Mais devant le plaisir qu’avaient les deux enfants à se retrouver elle lui donna la permission.
— Comme je suis contente ! s’écria Ayla en embrassant Iza.
Mais qu’a-t-elle donc ? se demanda Iza. Il y a longtemps que je ne l’ai pas vue aussi joyeuse. Il se passe des choses bien étranges aujourd’hui. Les hommes sont rentrés de bonne heure et, contrairement à leur habitude, au lieu de rester ensemble à bavarder, ils ont directement regagné leurs foyers, sans prêter attention aux femmes. Aucune d’ailleurs n’a été réprimandée et Broud lui-même s’est montré presque aimable à mon égard. Et voilà qu’Ayla se met à embrasser tout le monde après avoir passé la journée dehors !
10
— Oui ? Que veux-tu ? demanda Zoug, l’air agacé.
Il faisait particulièrement chaud en ce début d’été. Zoug avait soif et souffrait de la chaleur, suant sang et eau à tanner en plein soleil une grande peau de daim. Il n’était pas d’humeur à se laisser interrompre dans sa tâche, et tout spécialement par cette horrible petite fille au visage aplati qui venait de s’asseoir à côté de lui, la tête baissée, attendant qu’il l’autorise à parler.
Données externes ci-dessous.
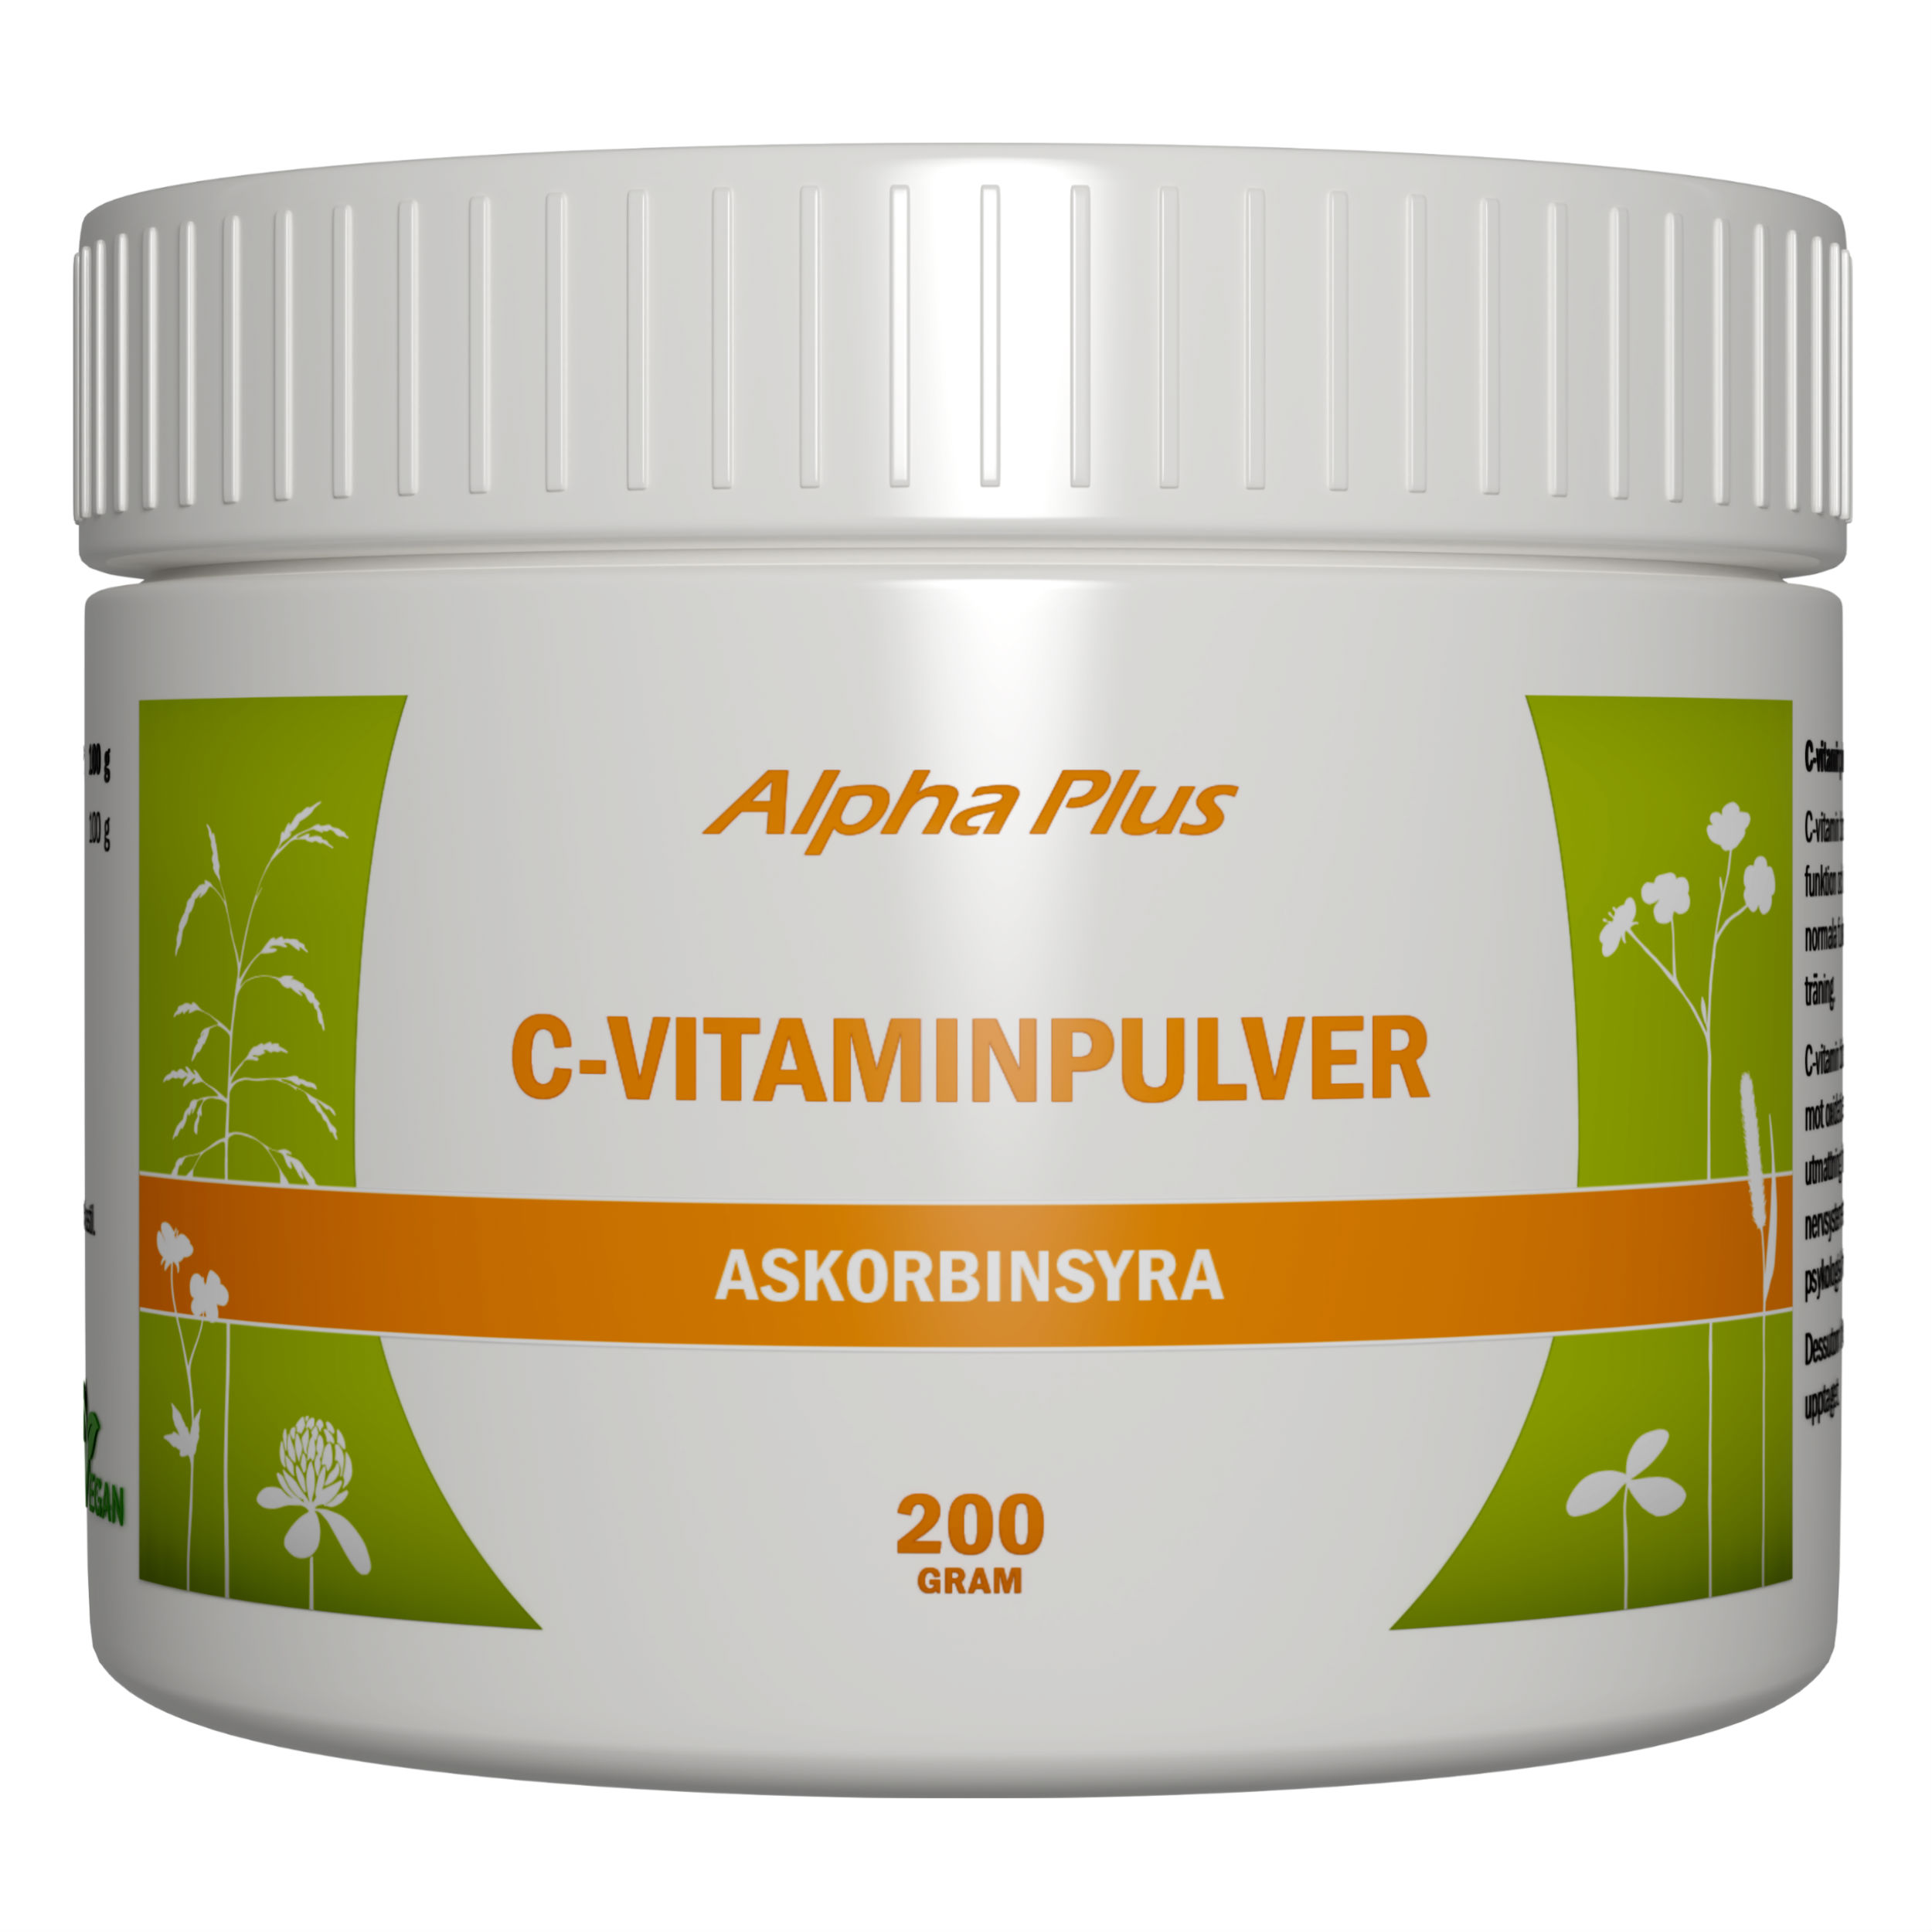 Alpha Plus C-vitaminpulver 200 g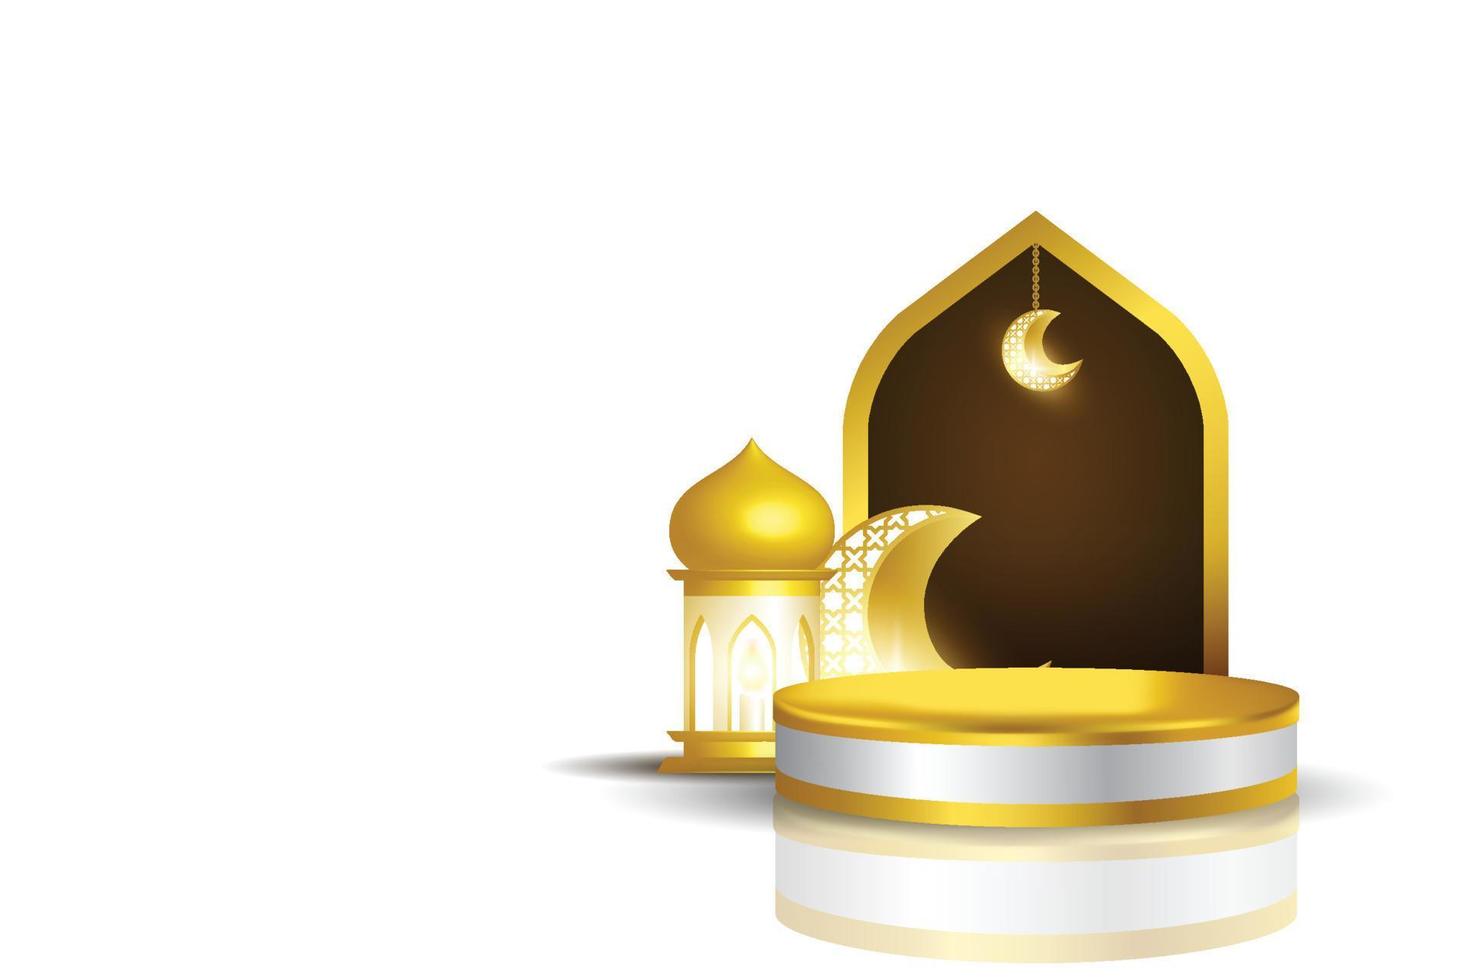 conception de modèle de podium pour afficher le produit avec le concept islamique, ramadan kareem, eid mubarak, image vectorielle vecteur

— Zoug désirerait-il un peu d’eau ? lui demanda par gestes Ayla, après qu’il lui eut tapé sur l’épaule. L’enfant qui est devant toi est allée à la rivière et elle a vu le chasseur travailler en plein soleil. L’enfant qui est devant toi a pensé que le chasseur avait soif, elle ne voulait pas le déranger, dit-elle avec les formules indispensables pour s’adresser à un homme.
Elle lui tendit une coupe en écorce de bouleau et souleva une outre ruisselante d’eau fraîche, confectionnée dans une panse de bouquetin. Zoug poussa un grognement affirmatif, dissimulant sa surprise devant ce témoignage d’attention, tandis que la fillette remplissait la coupe. Zoug n’avait pas réussi à attirer l’attention d’une femme pour lui demander de l’eau, et il ne pouvait suspendre sa tâche. La peau était presque sèche, et il devait continuer de la travailler s’il voulait qu’elle reste souple. Il suivit des yeux la petite fille qui posait l’outre à quelques pas dans un coin ombragé, où elle s’installa pour entreprendre le tressage d’un panier à l’aide de joncs et de racines ligneuses trempées dans l’eau.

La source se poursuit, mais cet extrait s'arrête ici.